Глаза работницы и правда блестели в лихорадке. Похожа она была на древнего идола, сброшенного со скалы христианами, черты её истощённого лица словно скосило вправо. Полуоткрытый рот чернел дырой. Дышащая на ладан. Потрясала пальцами в страшных пузырящихся ожогах. Несмотря на обиду за испорченный костюм, Зайковский ощутил прилив жалости.

Общежития… Как долго он не проверял их и ведь действительно, не знает, как простой люд живёт…

Пал Николаич тут же отвесил бунтарке знатную оплеуху, голова её качнулась, как одуванчик. Схватил за выбившуюся из-под косынки косу, притянул к себе.

– Как смеешь ты, сволочь, так с барином? Да я тебя…

Занёс руку для повторного удара, но Зайковский, не выносящий насилия, ухватил управляющего за локоть.

– Отпустите женщину, Пал Николаич!

Замешкавшись, тот оттолкнул от себя работницу, которая неприминула вскинуть на Зайковского прежний, полный ненависти взгляд.

– Погубили вы меня, Родион Митрич, – обречённо курлыкнула она, держась за щёку. – Всё теперь. Гоните.

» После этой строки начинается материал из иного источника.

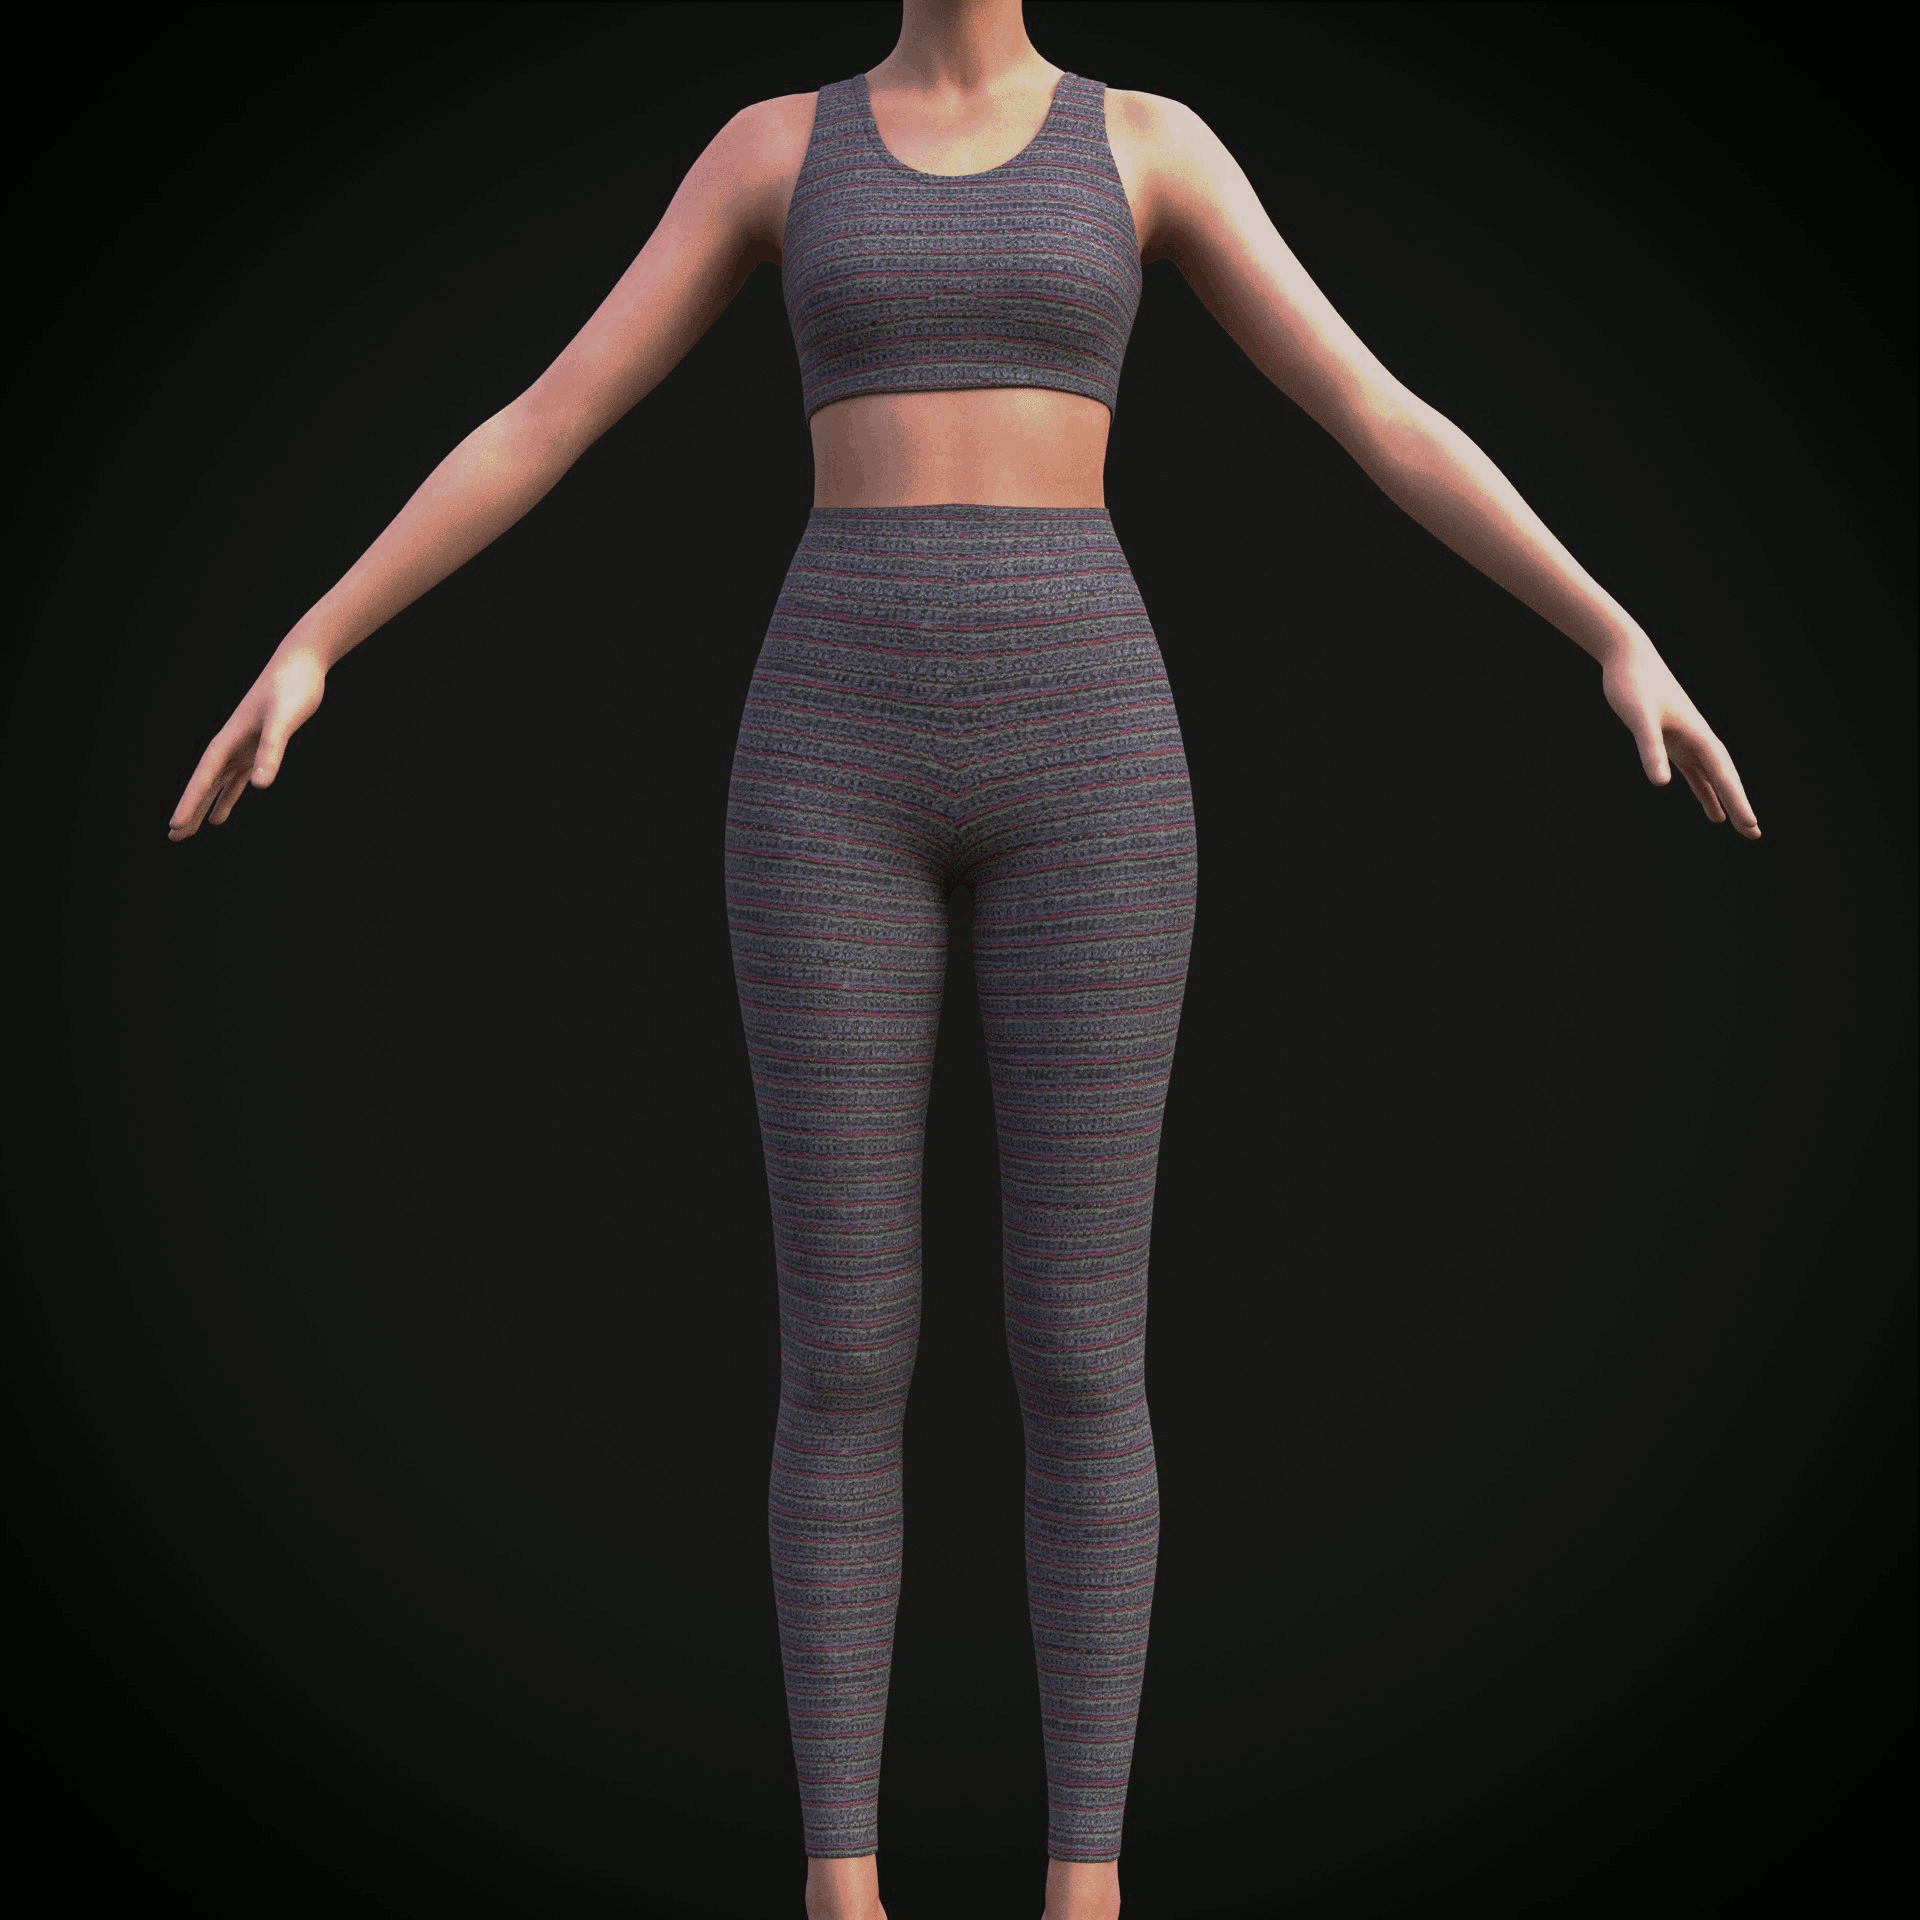 ArtStation - Female sport wear - 3D clothing

Сердце Зайковского сжалось. Стыдно стало и за пузырящиеся эти ожоги, и за сальную её косу, и за больные глаза. Вытерев платком руки, он вытащил кошелёк и отсчитал пару ассигнаций.

– Гнать тебя я не буду. Вот, возьми, сходи к доктору, пусть выпишет тебе лекарство. Должно хватить. Понимаю же, не в себе ты. Вылечись и возвращайся на фабрику. А с Даниила Алексеевича я лично спрошу, почто он работников бьёт.

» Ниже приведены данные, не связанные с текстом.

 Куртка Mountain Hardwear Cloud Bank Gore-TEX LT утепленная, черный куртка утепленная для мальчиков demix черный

Неверящими глазами работница уставилась на Зайковского. Ненависть в её горячечных зрачках враз потухла.

– Благодарствую, барин. Не ждала… Храни вас Бог… Простите меня, грешную, бес попутал… – глухо пролепетала она, принимая деньги.

– Ну, ступай, – улыбнулся Зайковский. – Карамель у тебя, кстати, сочная вышла! – шуткой попытался сгладить досадную ситуацию.

Сгорбившись, несчастная женщина направилась к своему столу, где её ожидали перепуганные товарки.

***

– Зря, ой зря вы, Родион Дмитриевич, её не вышвырнули. Это ж Зинка, мать её, Кожухова, халтурщица! Раньше вроде горбатилась, как надо, а вот последние две недели без тычка никак! А если б она вас раскалённой карамелью огрела? Кто ж знал, что там у неё в ковше?

Так сокрушался Пал Николаич, пока Зайковский умывался да переодевался в привезённый Колей новый костюм. Карамель с трудом отстала от волос, забилась под ногти, а её приторный флёр до сих пор витал над Зайковским, как нимб.

– Милосерднее надо быть, друг мой, – сказал, нахмурившись. – Не со зла она. Не может работать, как прежде, потому как сильно болезнь одолела. Я прослежу, чтобы с этой женщины ни один волос не упал. Зина, значит… Кожухова…

Зайковский сейчас думал о многом, а более всего – о некрасовской русской женщине, что ломит спину ради родных, коих семеро по лавкам. В случае господина фабриканта – из последних сил лепит обожжёнными пальцами конфеты для капризных пухлощёких барчуков, силком тянущих родителей, нянек, гувернанток в его магазины сластей. Горд, конечно, был, что смог достойно повести себя с этой бедолажкой, что дал ей надежду, но сколько же их, молчаливых, страдающих, и на всех ассигнациями не напасёшься.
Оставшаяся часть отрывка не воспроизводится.